Master of Science in Medicine (Sexual & reproductive Health – Psychosexual Therapy Pathway)
The Psychosexual Therapy Pathway provides specialist training in psychosexual therapy/sexual health counselling/clinical sexology/psycho-sexology. Students explore human sexuality from psychosexual therapeutic perspective. The Master’s program is an eight-unit sequence and consists of two core units of study, four pathway-specific (psychosexual therapy specific) units of study and two electives. There are also options for alternative exits at Graduate Diploma (six units of study) and Graduate Certificate level (four units of study). Students will study variations in sexual function, sexual and gender diversity, HIV and STIs, as well as issues pertaining to ageing and sexuality, disability and sexuality, forensic aspects of human sexuality. The Psychosexual Therapy Pathway has been designed and developed to meet the sexological-related accreditation criteria for the Society of Australian Sexologists, ASSERT NSW, and American Association of Sexuality Educators, Counselors and Therapists (AASECT)

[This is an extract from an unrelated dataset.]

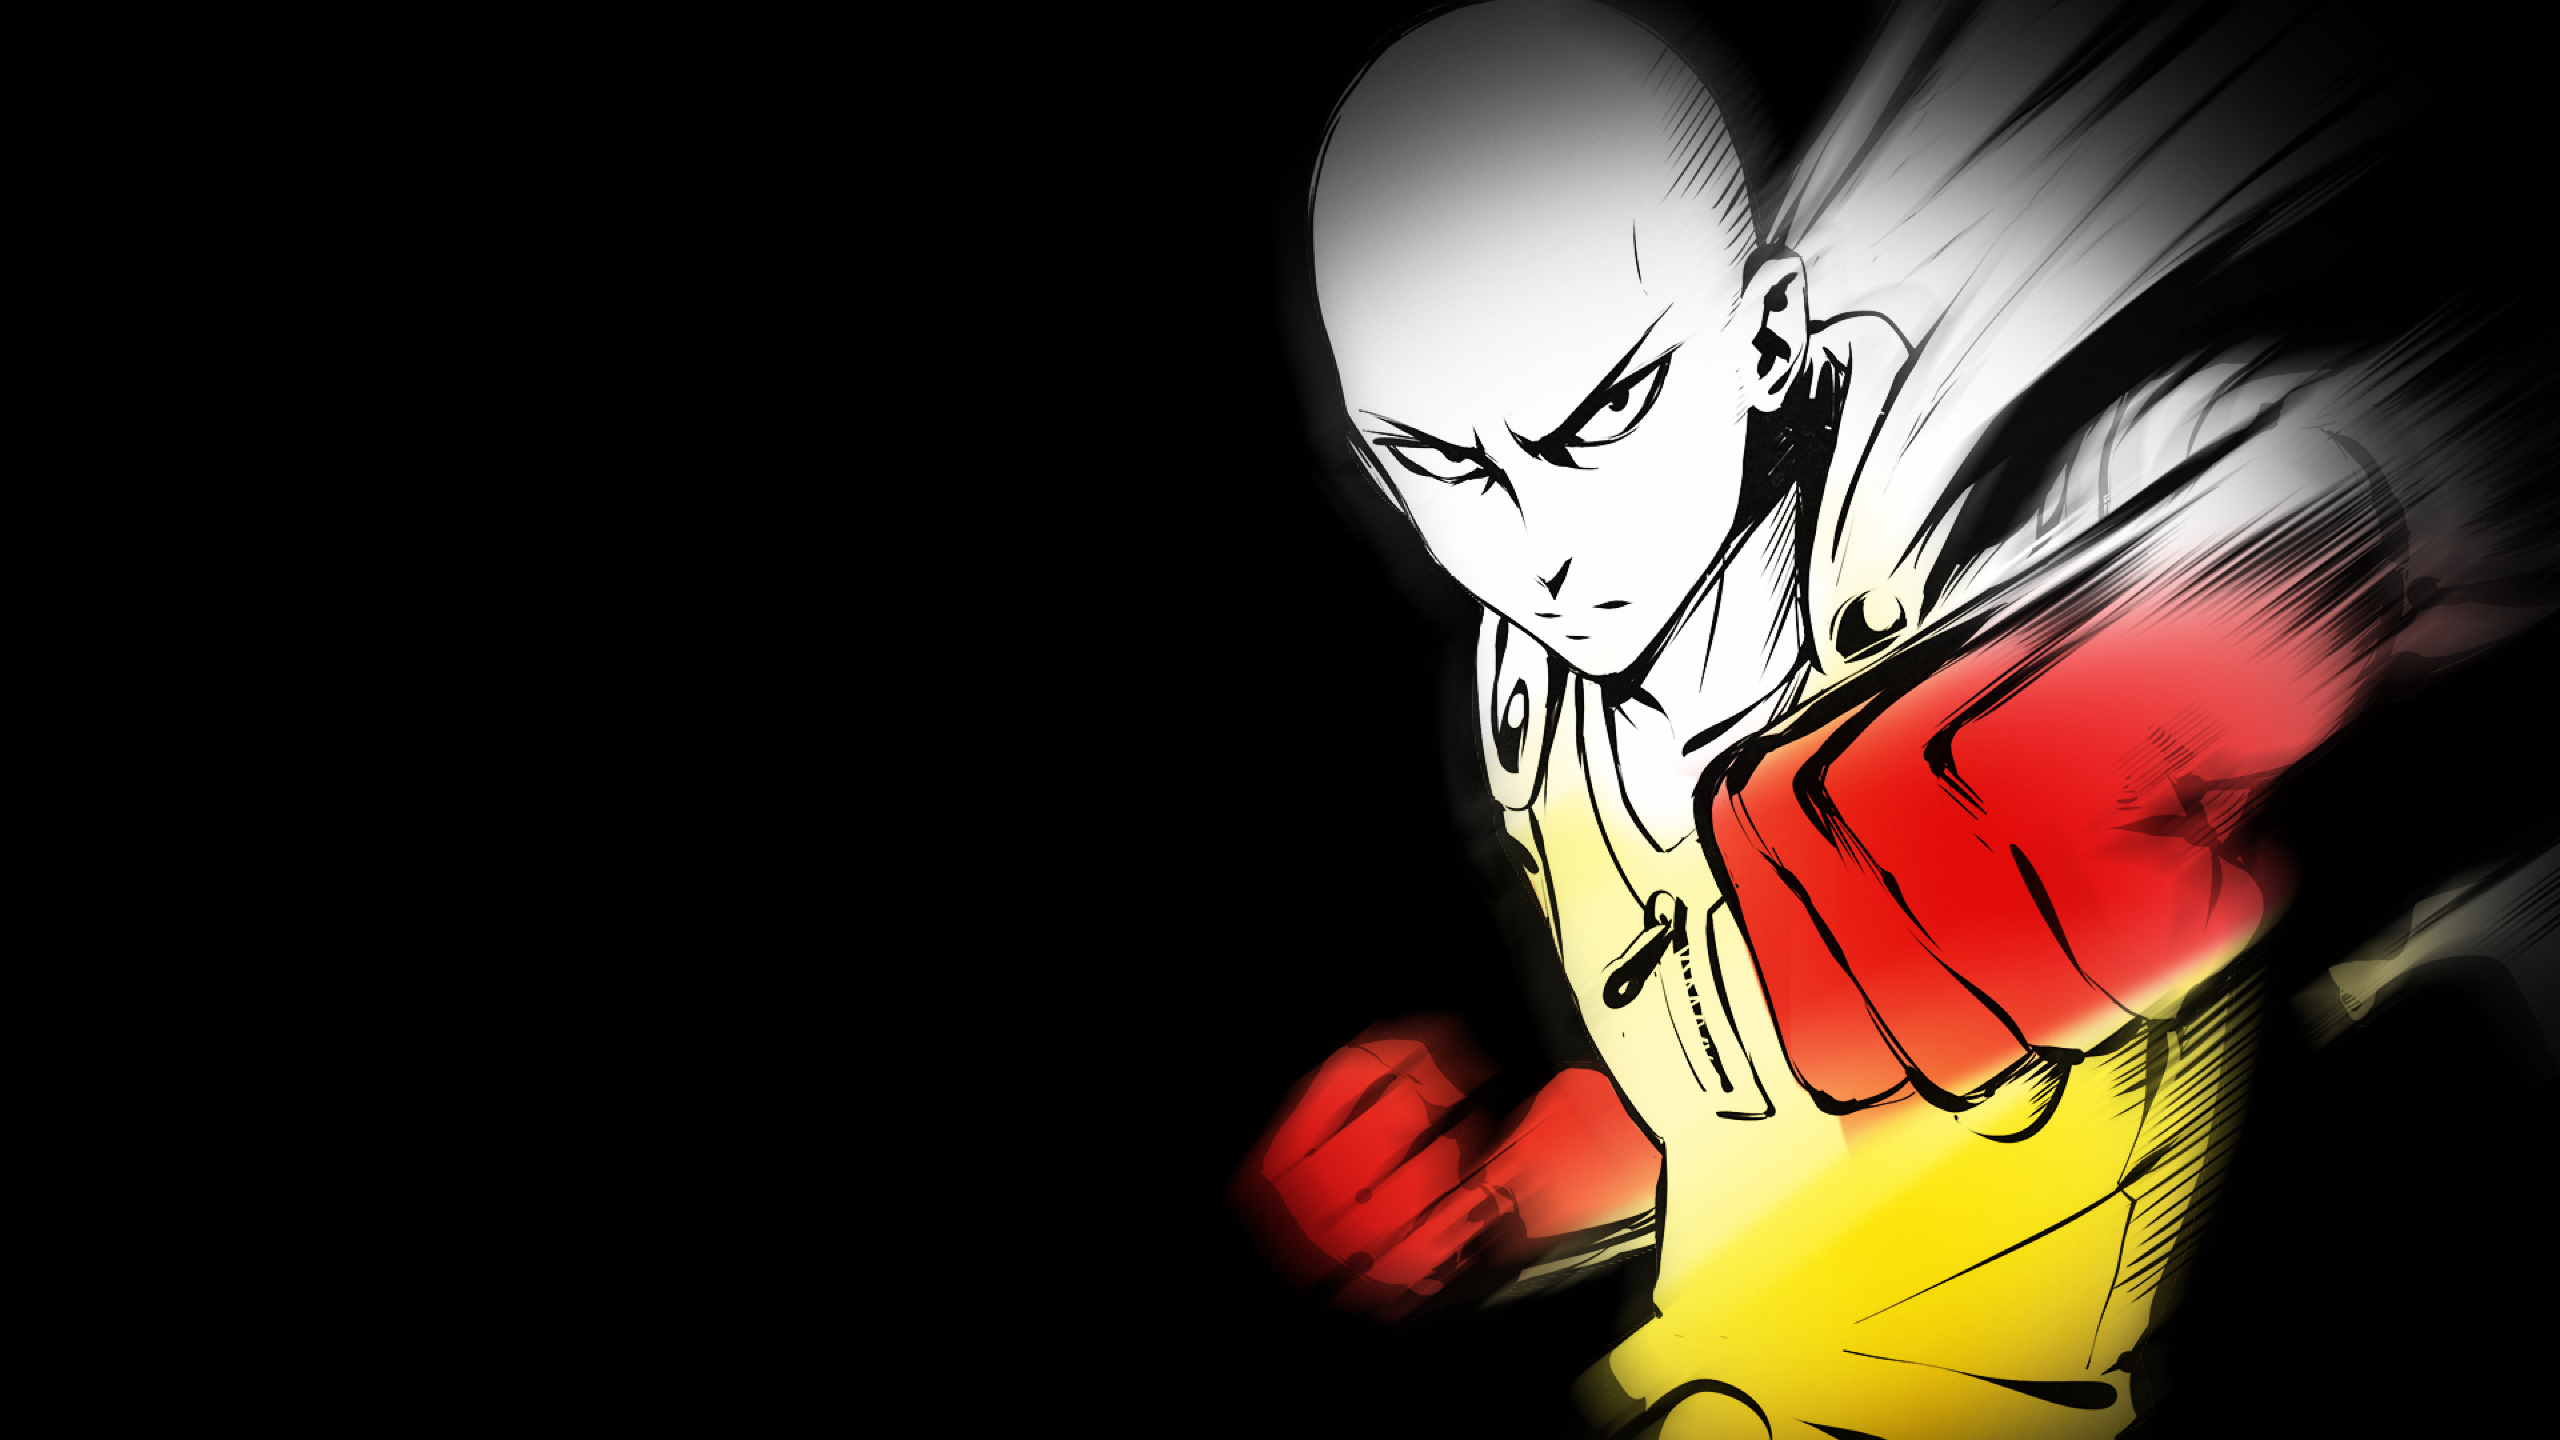 2560x1440 One-Punch Man Saitama 1440P Resolution Wallpaper ...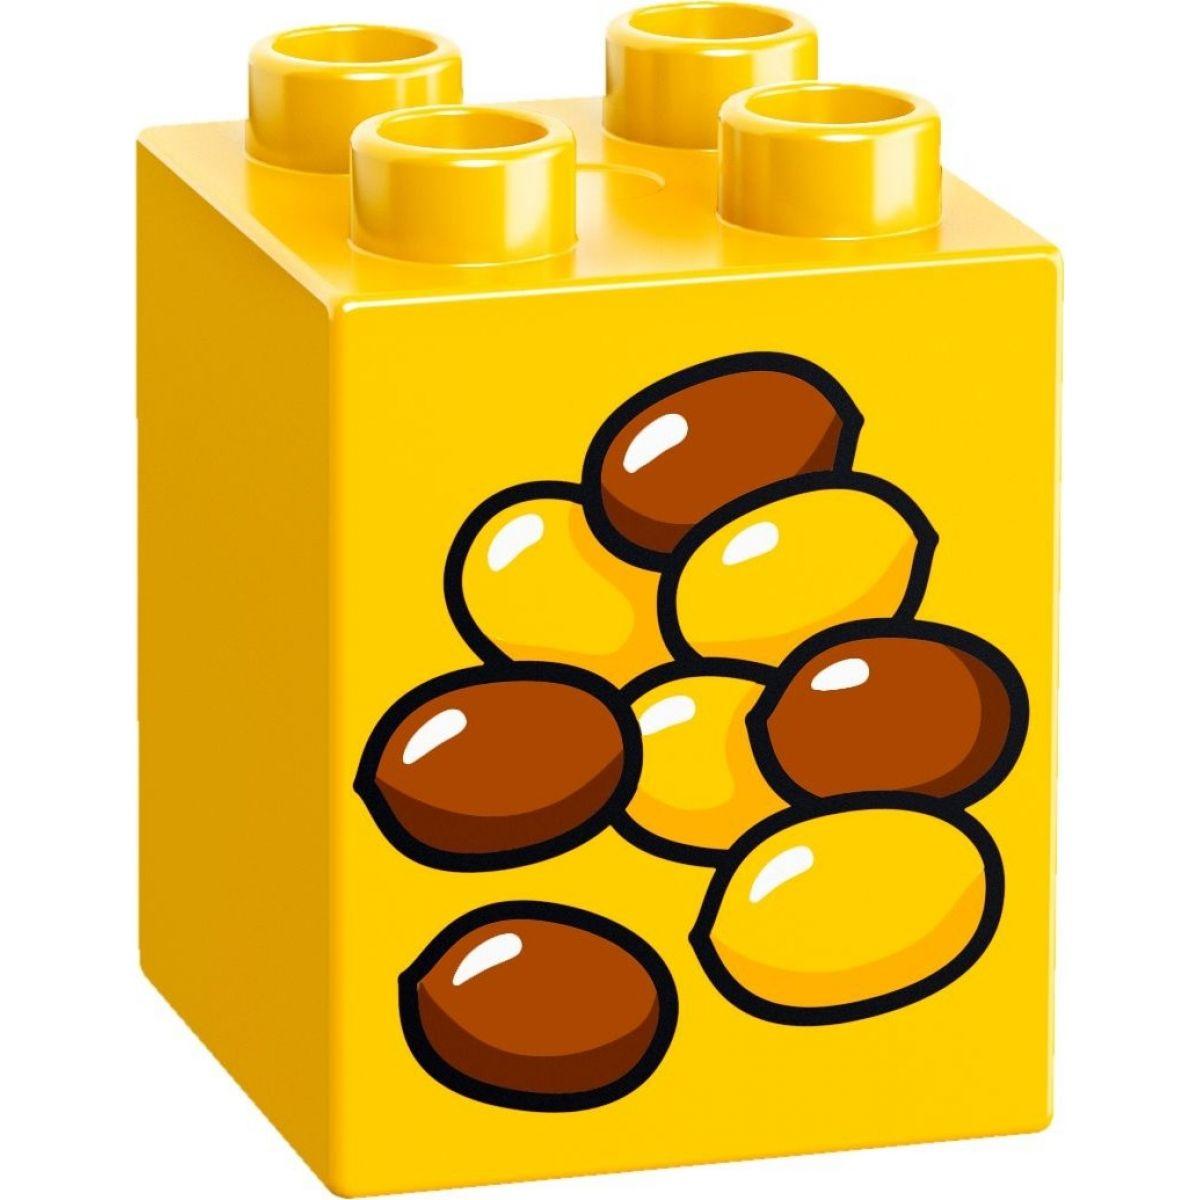 LEGO DUPLO 10858 Moji první skládací mazlíčci #4

The Psychosexual Therapy Pathway is not a medical oriented program. It is grounded in psychosexual therapy and is one of the suite of pathways in the University of Sydney’s Postgraduate Program in Sexual and Reproductive Health. The Postgraduate Program in Sexual and Reproductive Health (SRH) provides a diverse and inter-professional curriculum suitable for Australian and international students interested in the range of disciplines related to HIV, sexually transmitted infections (STIs), Sexual and Reproductive Health.
Globally, the challenges of SRH including HIV/STIs, infertility and unintended pregnancy continue to be a significant public health issue. Challenges to sexual function and wellbeing also impact on the health of individuals. Comprehensive prevention and treatment of SRH issues require a thorough understanding of the psycho-social contexts in which they occur as well as the biological and diagnostic aspects of sexual and reproductive health and wellbeing.
The Postgraduate Program in Sexual and Reproductive Health enables students to address these challenges through a range of units, with an option to choose one of four distinct pathways (STIs and HIV, Psychosexual Therapy, Reproductive Health and Infertility, and Public Health).
Compulsory and stream specific units of study provide students with foundational competence in these areas, while a wide range of electives creates the opportunity for students to further explore areas of interest. The inter-professional and multi-disciplinary structure encourages students to develop effective collaborative approaches to employment in a variety of healthcare settings.
The Postgraduate Program in Sexual and Reproductive Health is designed to provide the maximum professional relevance, flexibility and choice. All units of study engage the current evidence base and encourage critical engagement with the evidence. To facilitate the best educational and professional outcomes from their studies, each student is advised to discuss their unit of study choices with a Pathway Coordinator before the commencement of each semester. The Postgraduate Program in Sexual and Reproductive Health provides opportunities for students to transition to higher degree research candidature.